While I look through the code, try running it as the nagios user and see what you get. That's a more accurate test of what happens when it is run for real.
Former Nagios employee
pamplifier
Posts: 21
Joined: Wed May 13, 2015 7:31 am

Re: Built a custom plugin; issues with returned status codes

Post by pamplifier »

Ah yes, there is a segmentation fault when running as the nagios user. Whoops, I didn't think to test it like this!
tmcdonald
Posts: 9117
Joined: Mon Sep 23, 2013 8:40 am

Re: Built a custom plugin; issues with returned status codes

Post by tmcdonald »

Just as some general pointers, I would modify the output to read like this:

WARNING: 0 uncleared warnings and 3 uncleared errors logged in /tmp/somelog

It is more in line with what other plugins would output and it's a bit neater. And if you want graphable output, you can do:

WARNING: 0 uncleared warnings and 3 uncleared errors logged in /tmp/somelog|warn=0 err=3

Everything after the | will be performance data:

https://nagios-plugins.org/doc/guidelines.html#AEN200

Might also want to massage the -w and -e options a bit. Standard usage is to reserve -w for warning thresholds and -c for critical thresholds. It was a little confusing reading the code because at first I thought you were using the word "error" to refer to a Nagios "critical" state.
Former Nagios employee
pamplifier
Posts: 21
Joined: Wed May 13, 2015 7:31 am

Re: Built a custom plugin; issues with returned status codes

Post by pamplifier »

Thank you, I'll make those changes. Like I said, this is still a work in progress, so there is a lot of formatting to do, and a lot of error-checking etc. I just wanted to see if I could get a bare-bones plugin running to see how it could appear on the web-interface.
pamplifier
Posts: 21
Joined: Wed May 13, 2015 7:31 am

Re: Built a custom plugin; issues with returned status codes

Post by pamplifier »

Bear in mind, pattern matching for 'sshd[' is a placeholder for now, I just needed a substring that already existed in multiple messages on the syslog of my test machine.
tmcdonald
Posts: 9117
Joined: Mon Sep 23, 2013 8:40 am

Re: Built a custom plugin; issues with returned status codes

Post by tmcdonald »

I assumed as much, and was able to generate some test logfiles based off of that.

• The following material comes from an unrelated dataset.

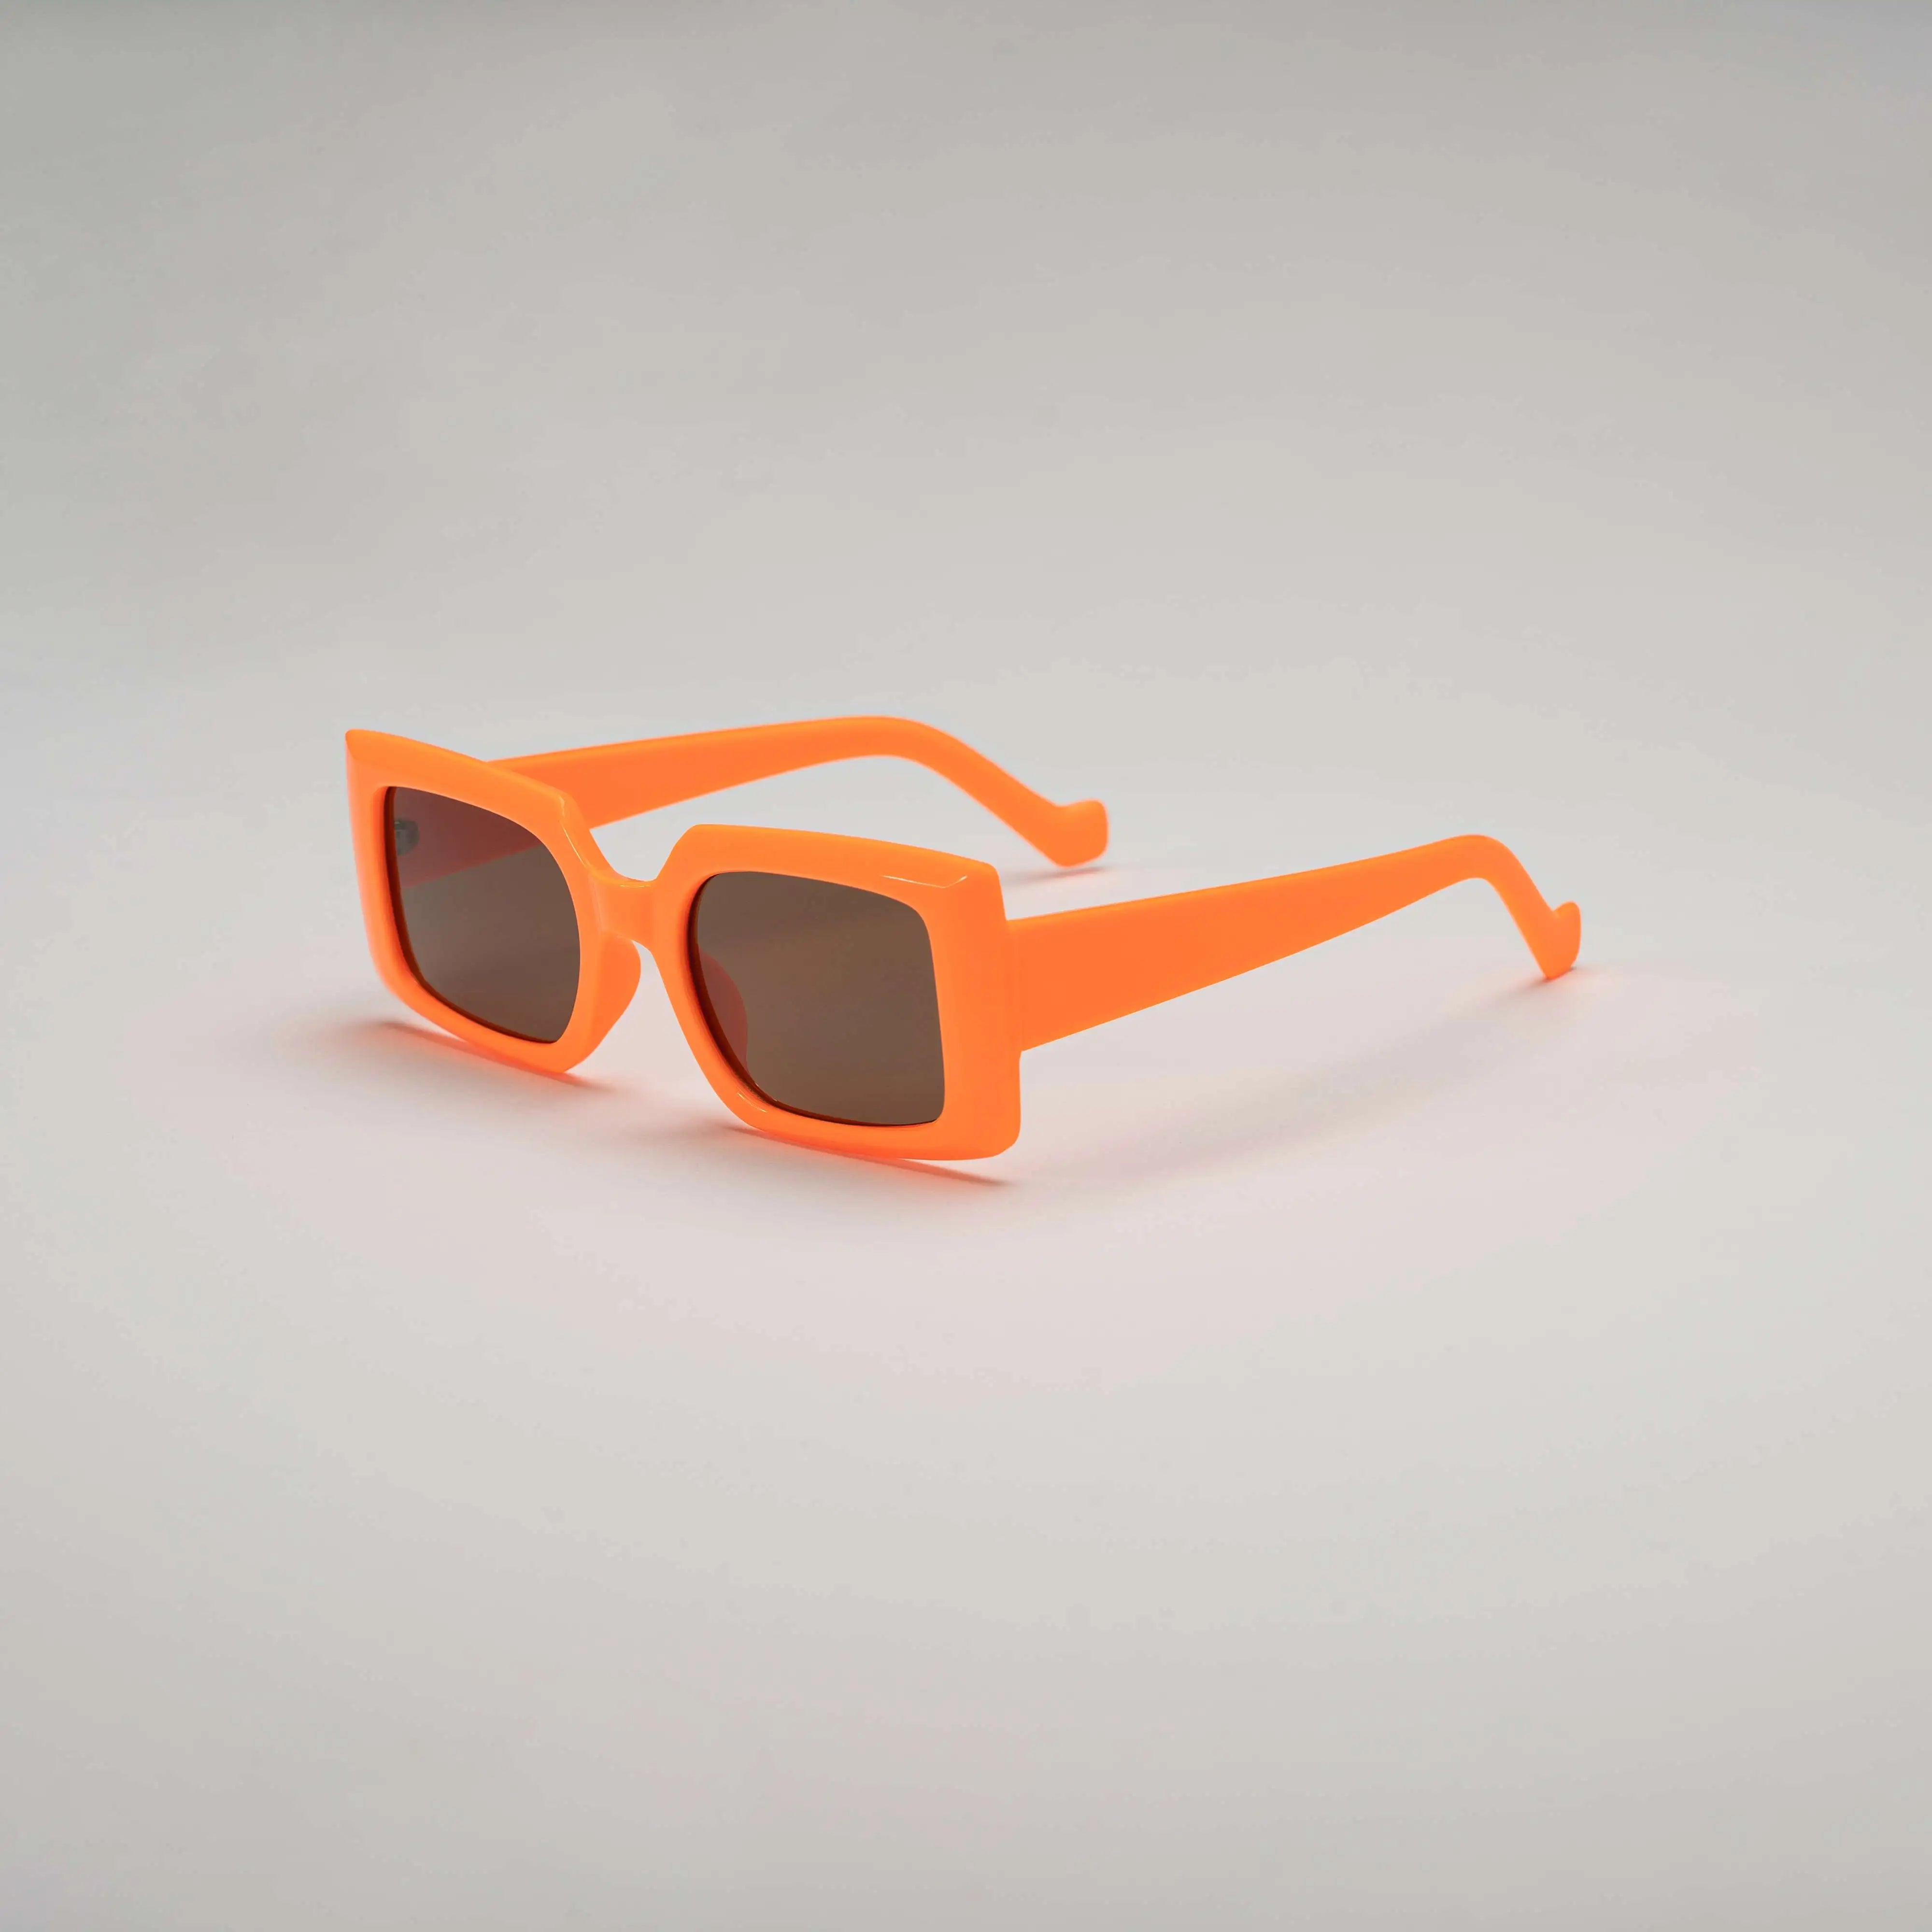 'Overdrive' Retro Square Sunglasses in Orange

For the time-being if it's alright with you, I'll let you work on the plugin and we can keep this thread open. Since we have a "todo" list of things to reply to, please post back only if you have a question so we don't have to give a bogus "Cool thanks" reply :)
Former Nagios employee
pamplifier
Posts: 21
Joined: Wed May 13, 2015 7:31 am

Re: Built a custom plugin; issues with returned status codes

Post by pamplifier »

One question, I just realized that I need root privileges to access the logs in /var/log/. I didn't notice because I'm almost always running as root on my test machine. Could the seg fault be due to the fact that the nagios user is trying to access the logfiles when it doesn't have permission to?

Right now I'm looking up ways to ameliorate this, including how Nagios' does it with its pre-existing plugins in /plugins-root. I'm thinking of adding a new rule to /etc/sudoers, is that the best solution for this?
Locked